WHAT DOES A CLINICAL RESEARCH COORDINATOR DO?

Published: May 23, 2025 – The Clinical Research Coordinator coordinates and manages clinical research protocols in oncology, ensuring compliance with regulatory standards and Institutional Review Board (IRB) requirements. This position oversees patient recruitment, consent, data collection, and interaction with investigators, sponsors, and regulatory bodies throughout the study lifecycle. The coordinator also performs study-related procedures and maintains accurate documentation while educating healthcare staff and supporting audit readiness.

A Review of Professional Skills and Functions for Clinical Research Coordinator

1. Clinical Research Coordinator Functions

  • Patient Scheduling: Assist with initial patient scheduling and first visits as trials begin at the clinic.
  • Documentation Management: Maintain and manage all trial-specific source documentation
  • Patient Coordination: See patients and assist in the completion of research visits
  • Data Management: Manage the collection, recording, reporting, and storage of study-related data, investigational product, and study equipment
  • Regulatory Communication: Communicate and work directly with the CRO and Sponsor representatives during pre-study, IMV, and site closure, adhering to site-specific standard operating procedures, local and federal regulations.
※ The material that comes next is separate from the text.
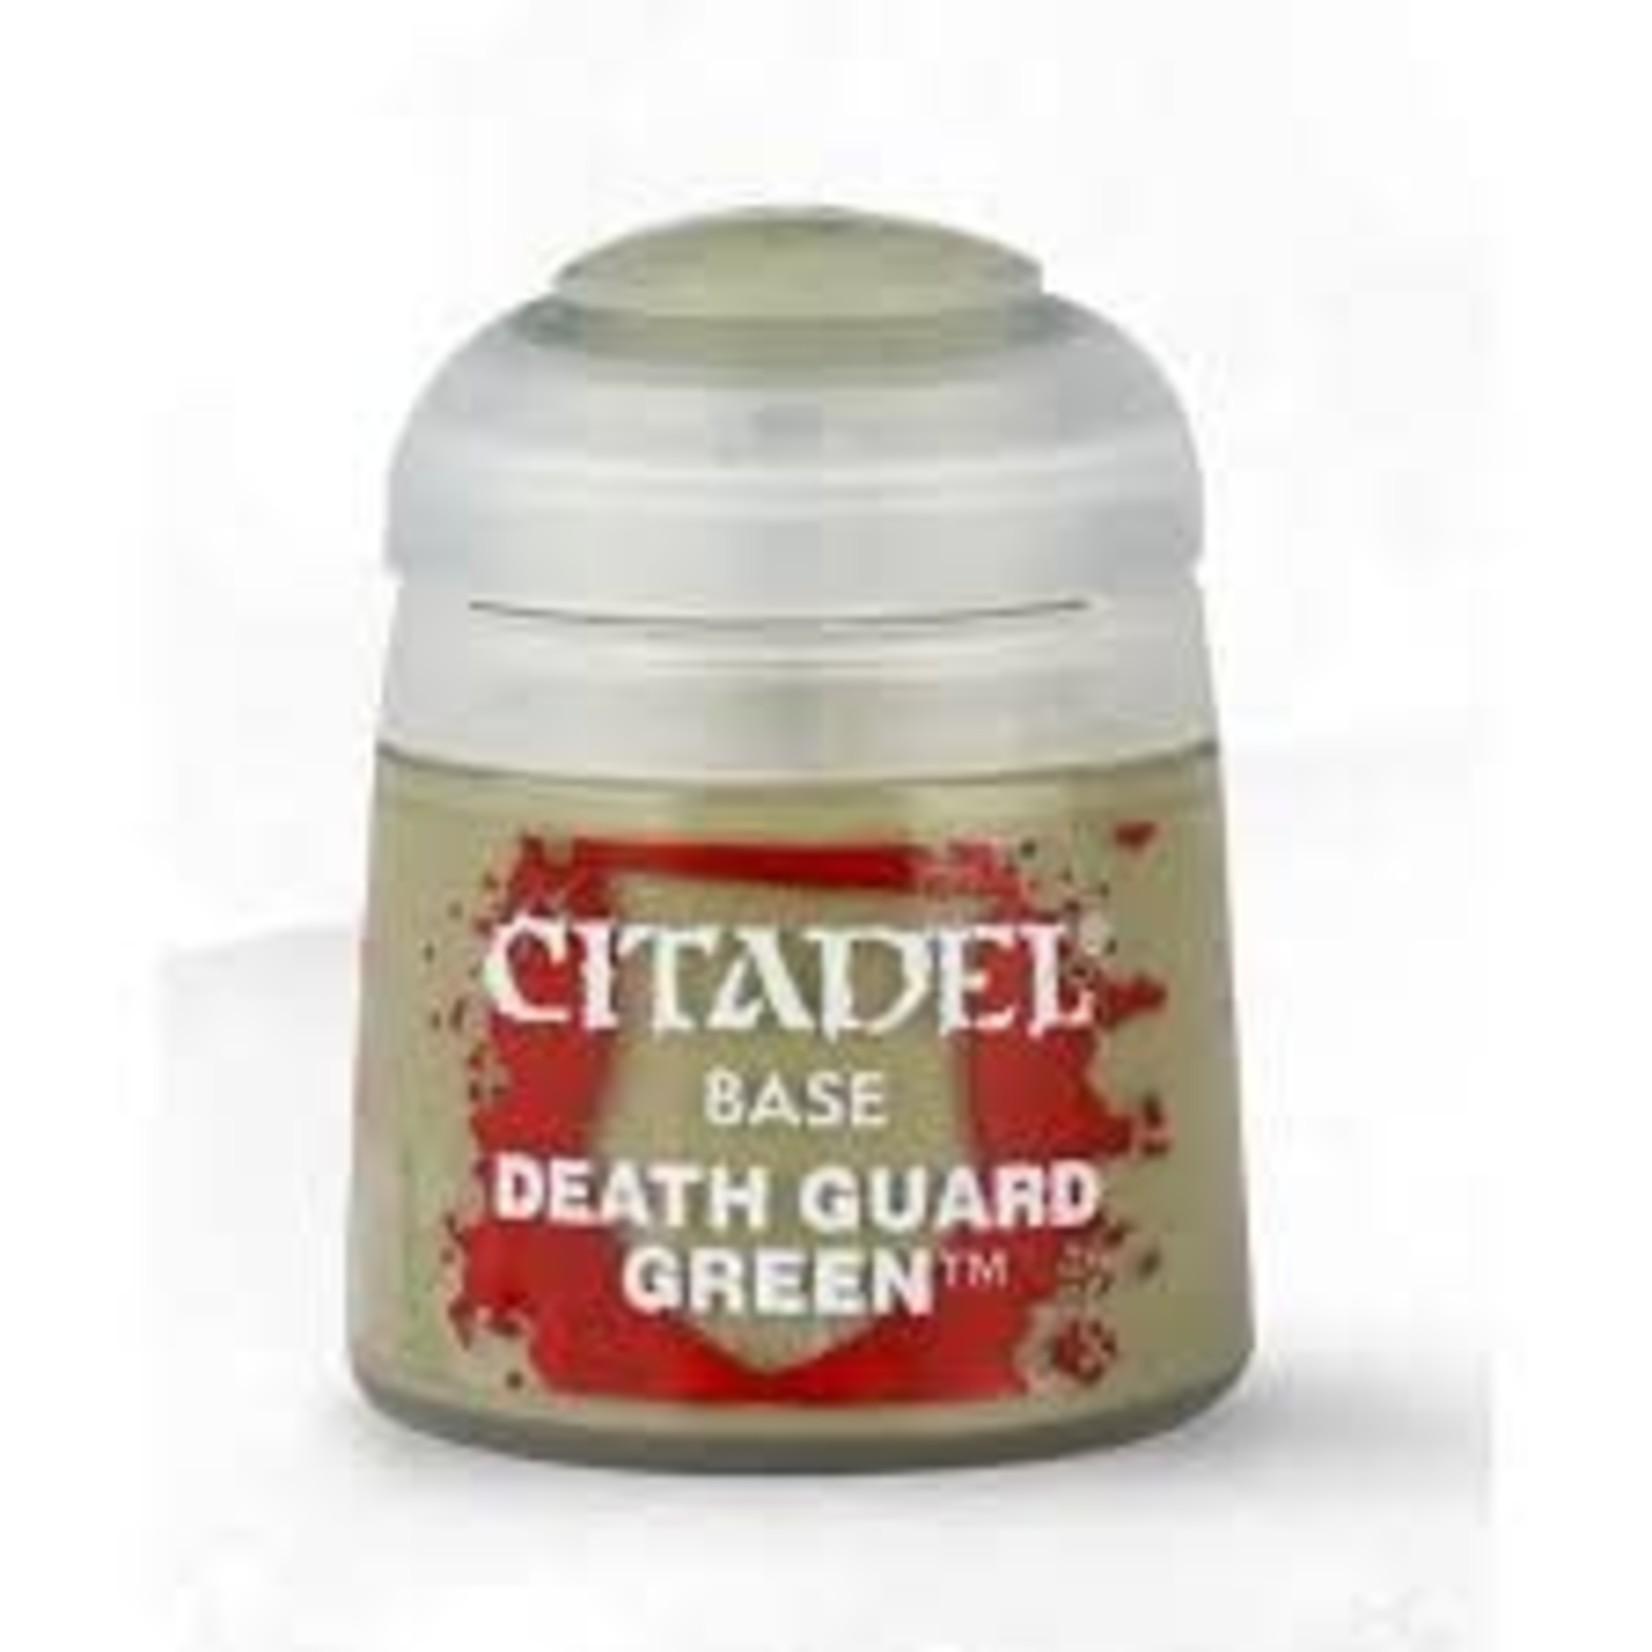 Games Workshop Citadel Paint: Death Guard Green 12ml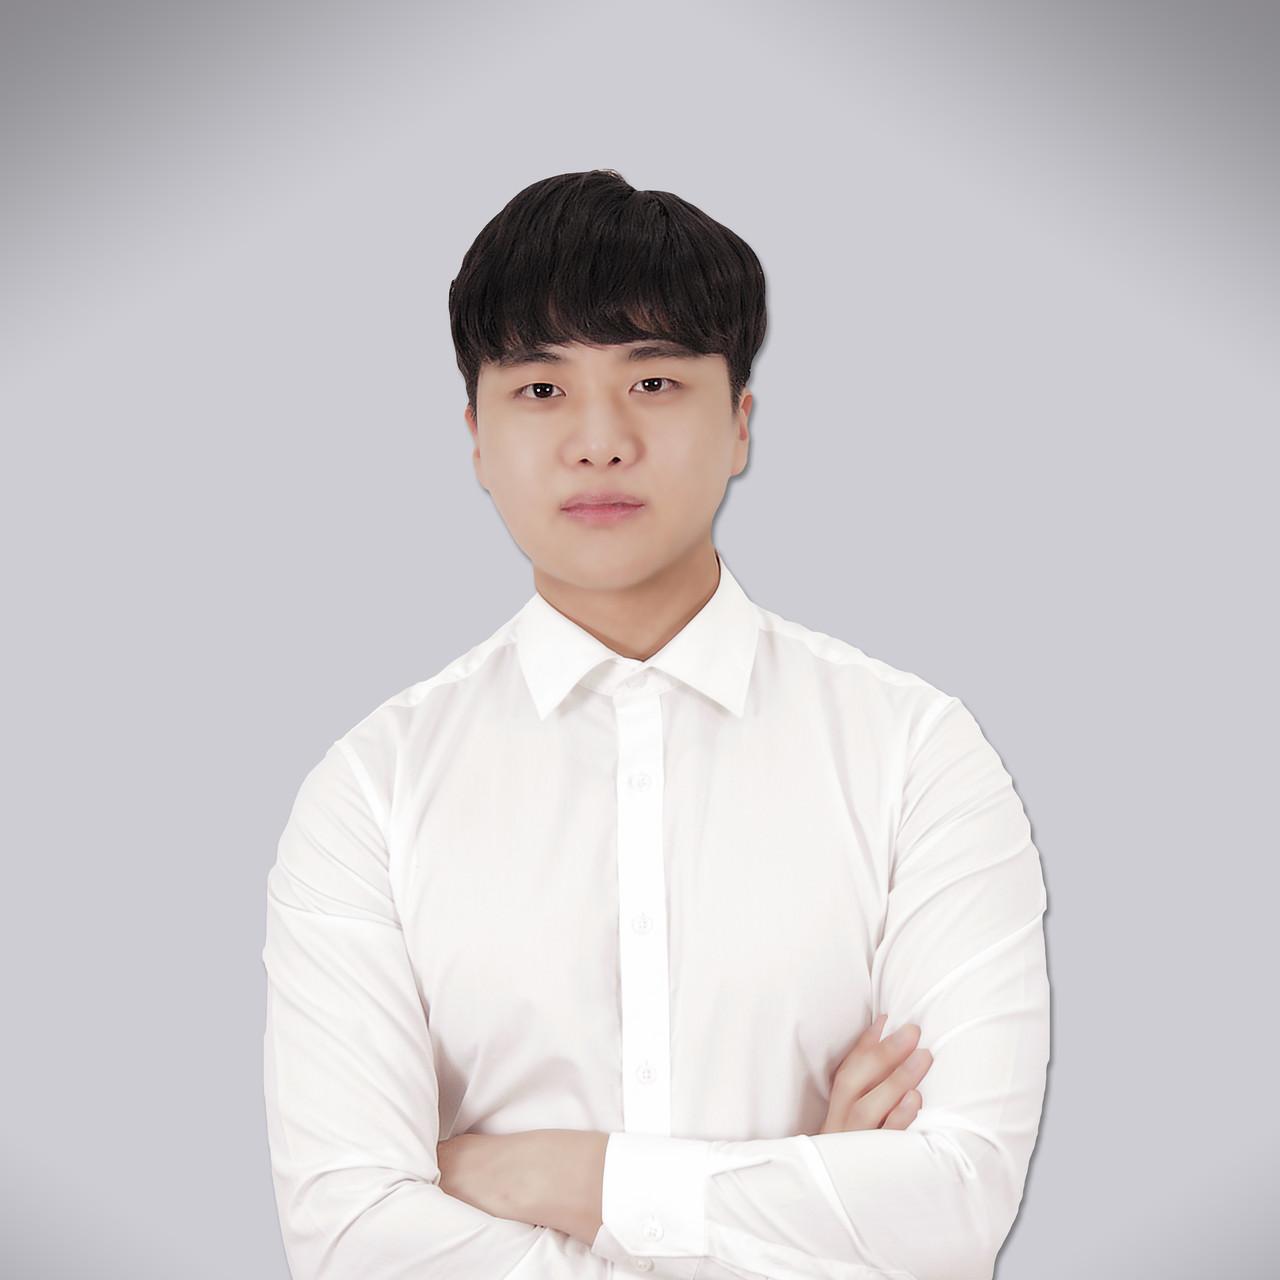 보컬 레슨 트레이너 김양호 보이스큐어 보컬 스튜디오

2. Clinical Research Coordinator Overview

  • Reporting Structure: Reports to the Director of Clinical Trials or the Clinical Research Nurse Lead
  • Team Collaboration: Collaborates with departmental leadership and research staff in the coordination of all aspects of clinical research studies.
  • Patient Recruitment: Responsible for patient screening and recruitment, coordination of care for the research patient, protocol implementation, data collection and query resolution, and submission to the Institutional Review Board (IRB).
  • Oncology Coordination: Coordinates studies in Oncology therapeutic areas.
  • Protocol Management: Responsible for the complete coordination of assigned clinical research protocols from national research agencies and pharmaceutical corporations
  • Patient Screening: Screens patients for study participation, e.g., reviews medical record, collaborates with medical and research staff, etc., and procures informed consent.
  • Documentation Accuracy: Maintains accurate and thorough documentation on all source documents and case report forms (CRFs) for each study patient. Enters data. Resolves all patient queries.
  • Stakeholder Communication: Maintains communication with investigators/researchers, patients, internal and external collaborators (e.g., consulting physicians, Monitors), sponsors, federal regulatory agencies, and other involved parties
  • Study Meetings: Participates in investigator, coordinator, or study initiation meetings accordingly.
  • Monitoring Coordination: Coordinates and participates in monitoring visits/audits with regulatory agencies or sponsors.
  • Regulatory Training: Maintains current regulatory (GCP, HSR) and study-specific required training.
  • IRB Submissions: Prepares and submits all study protocols, consent forms, and other required documents to the Institutional Review Board (IRB).
  • Staff Education: Educates hospital staff about protocols through in-services, written materials, and one-on-one interaction, for each study and each patient, and for general marketing.
  • Schedule Flexibility: Demonstrates flexibility in daily routine and effectively accommodates the needs of the job (e.g., early or late patient enrollment).
  • Clinical Procedures: Performs procedures including EKG, Phlebotomy, blood and body fluid sampling, packing and shipment of human samples, body measurements and examinations within the scope of practice and training, consistent with clinic and study-specific policies/procedures and scope of care under the guidance of the supervisor.
  • Compliance Responsibilities: Fulfills all compliance responsibilities related to the position.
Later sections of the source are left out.